I Can Build You! That’s it!’ Giles had his finger to his nose, as though he had just won charades. ‘Stick it on, girl!’

Oh Christ. Adam found a wall to lean against so that he wouldn’t have to dance to himself. He braced for his past. The strummed chords emerged from hidden alcoves in the ceiling, then the drums and that terrible gated reverb that was so on trend back then. I Can Build You settled into the famous, loping rhythm, and then the drums fell away to the first verse, his distinctive voice cutting over the guitars. Too distinctive, really. When it all went wrong, later, there was no denying it was him, even without the pictures. The sound of it on the tape was enough.

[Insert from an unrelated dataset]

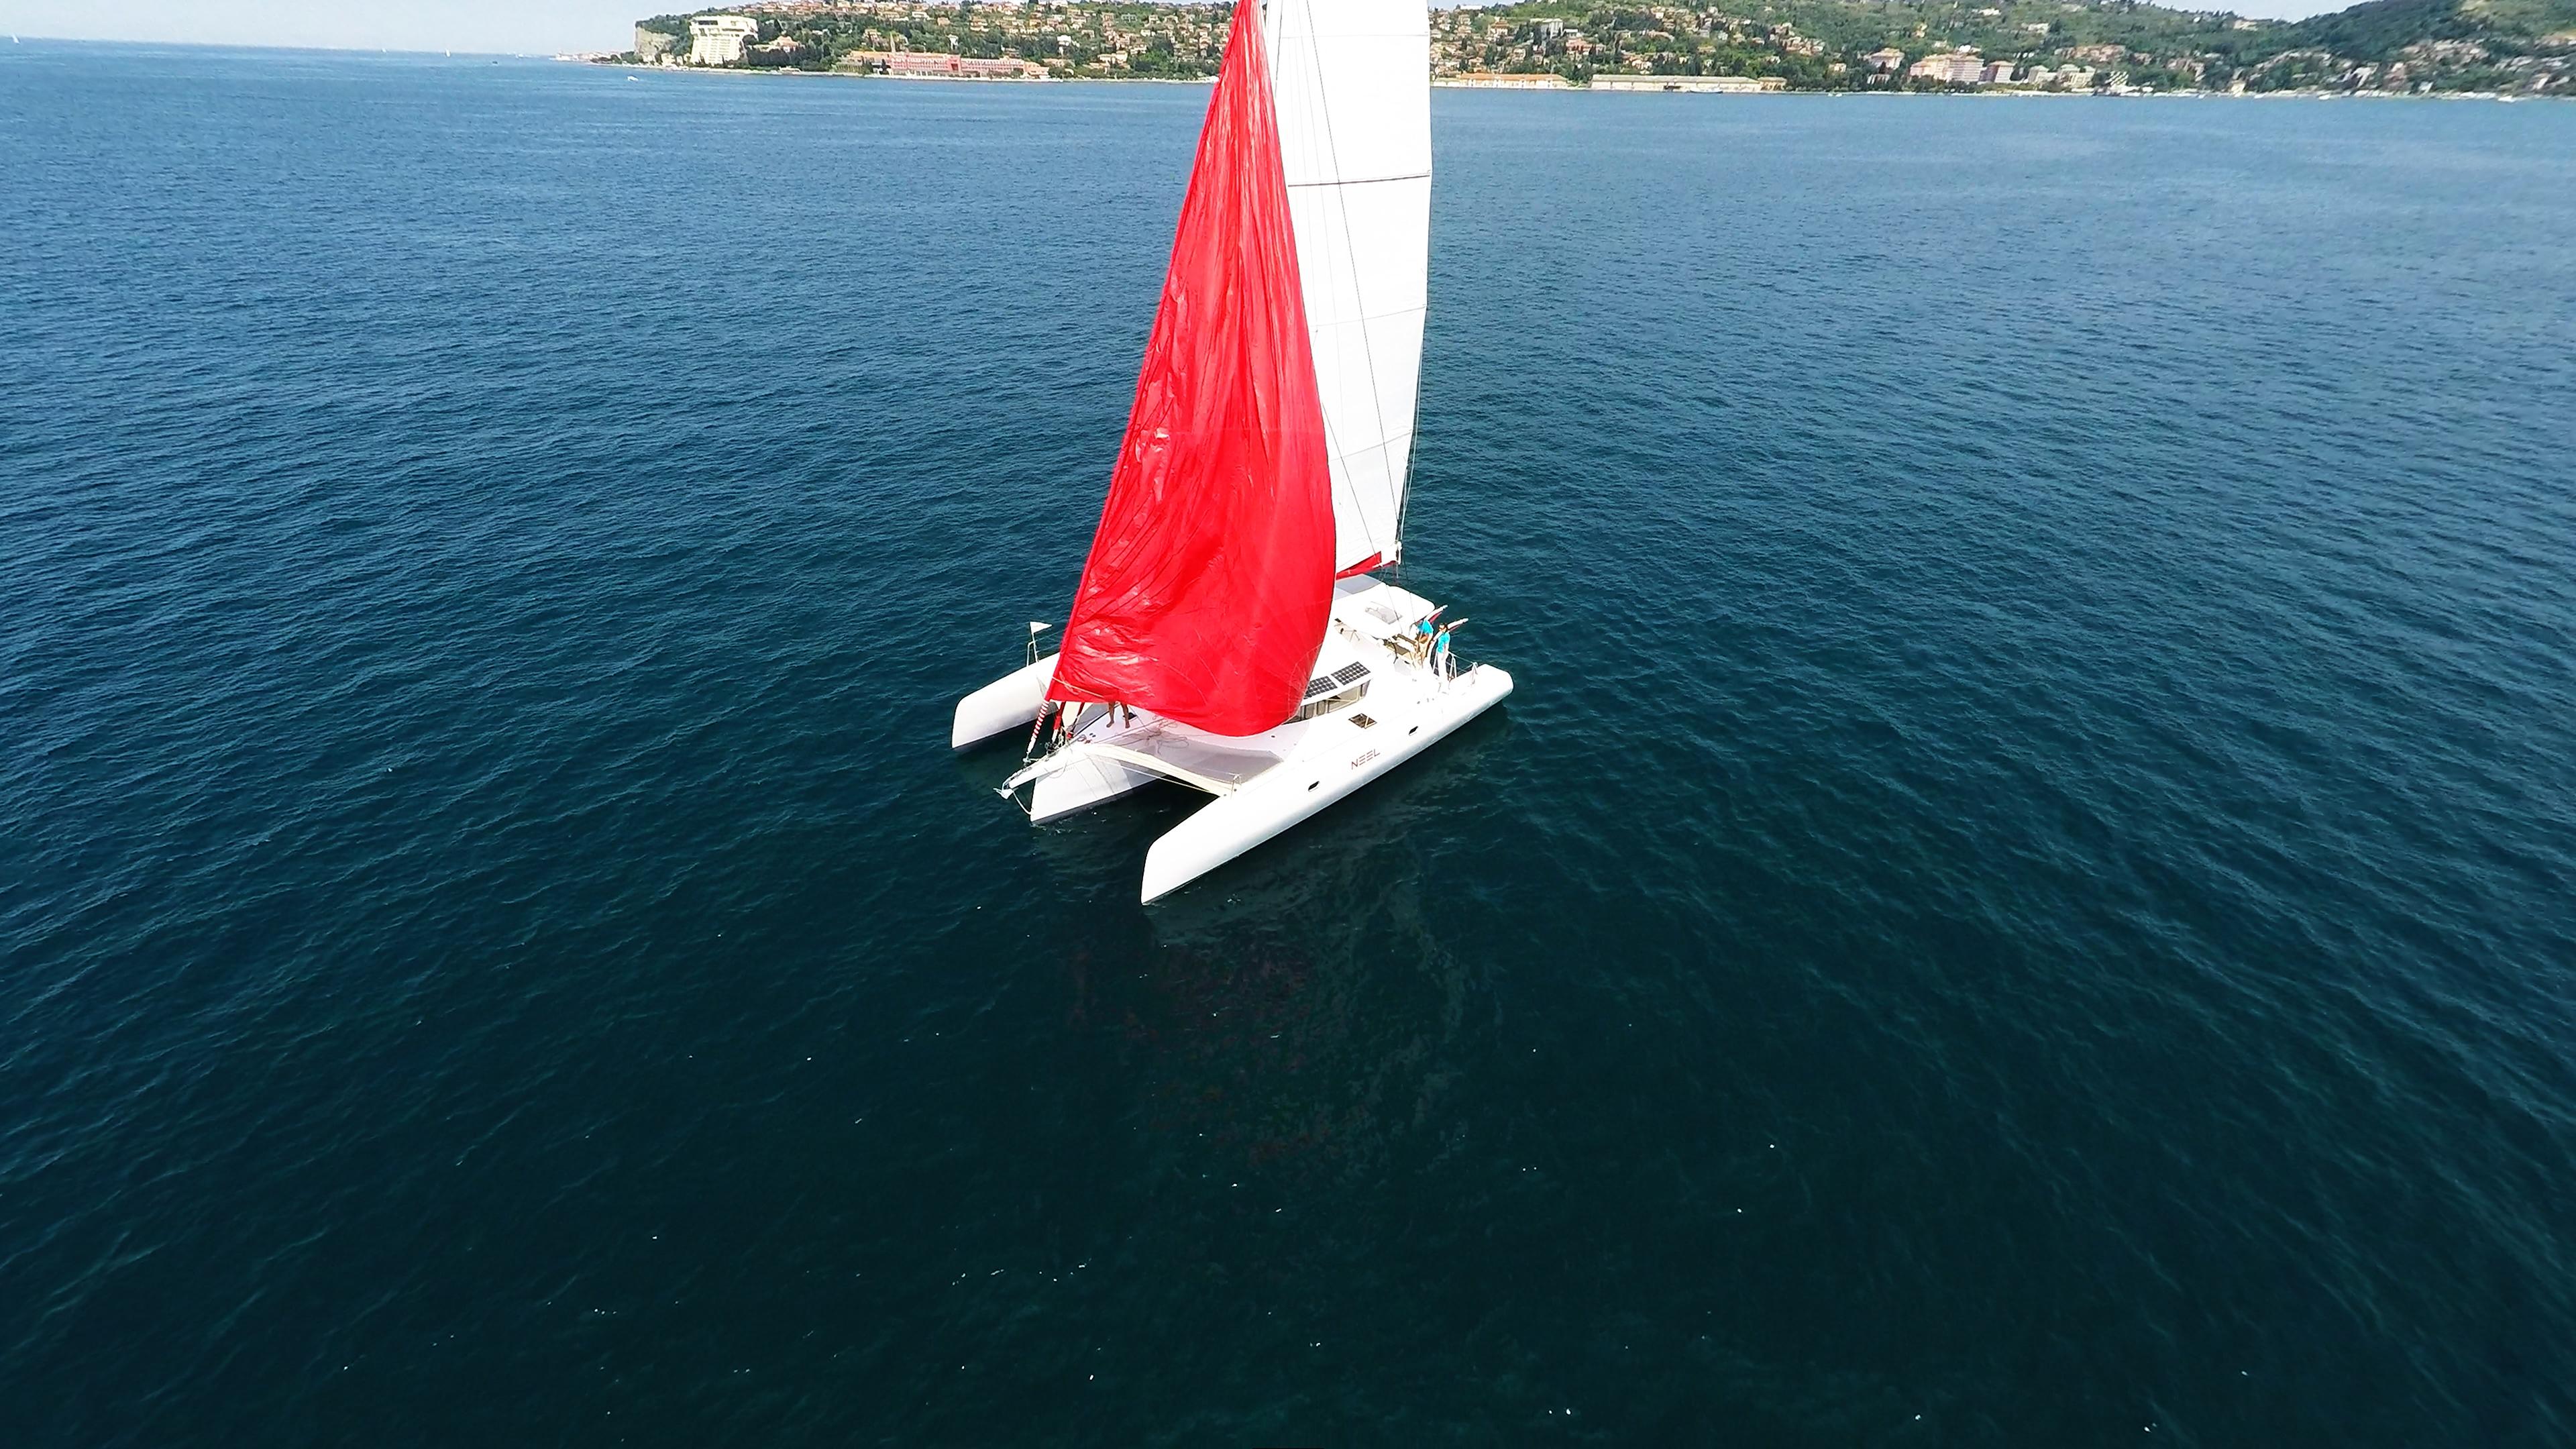 trimarano foto aerea hoisting rosso gennaker vela yacht

He watched the others. Steph and Annie were moving a little, which was kind of them. Giles was patting his thigh again, champagne dripping onto the tiles that were definitely marble.

The professor in his cardigan and his little beaky wife were completely still. Listening. Really concentrating. But I Can Build You didn’t merit too much thought. It was a good song but it hadn’t aged well, Adam knew. Otherwise he’d be the one living in this house.

The song came to the end of the second chorus and Steph swiped and the warm, rich sound of a band who still had a record deal came on.

‘Do you know these, Adam?’ she asked.

He shook his head, though he did.

‘No? Really? You don’t know Darkening Skies?’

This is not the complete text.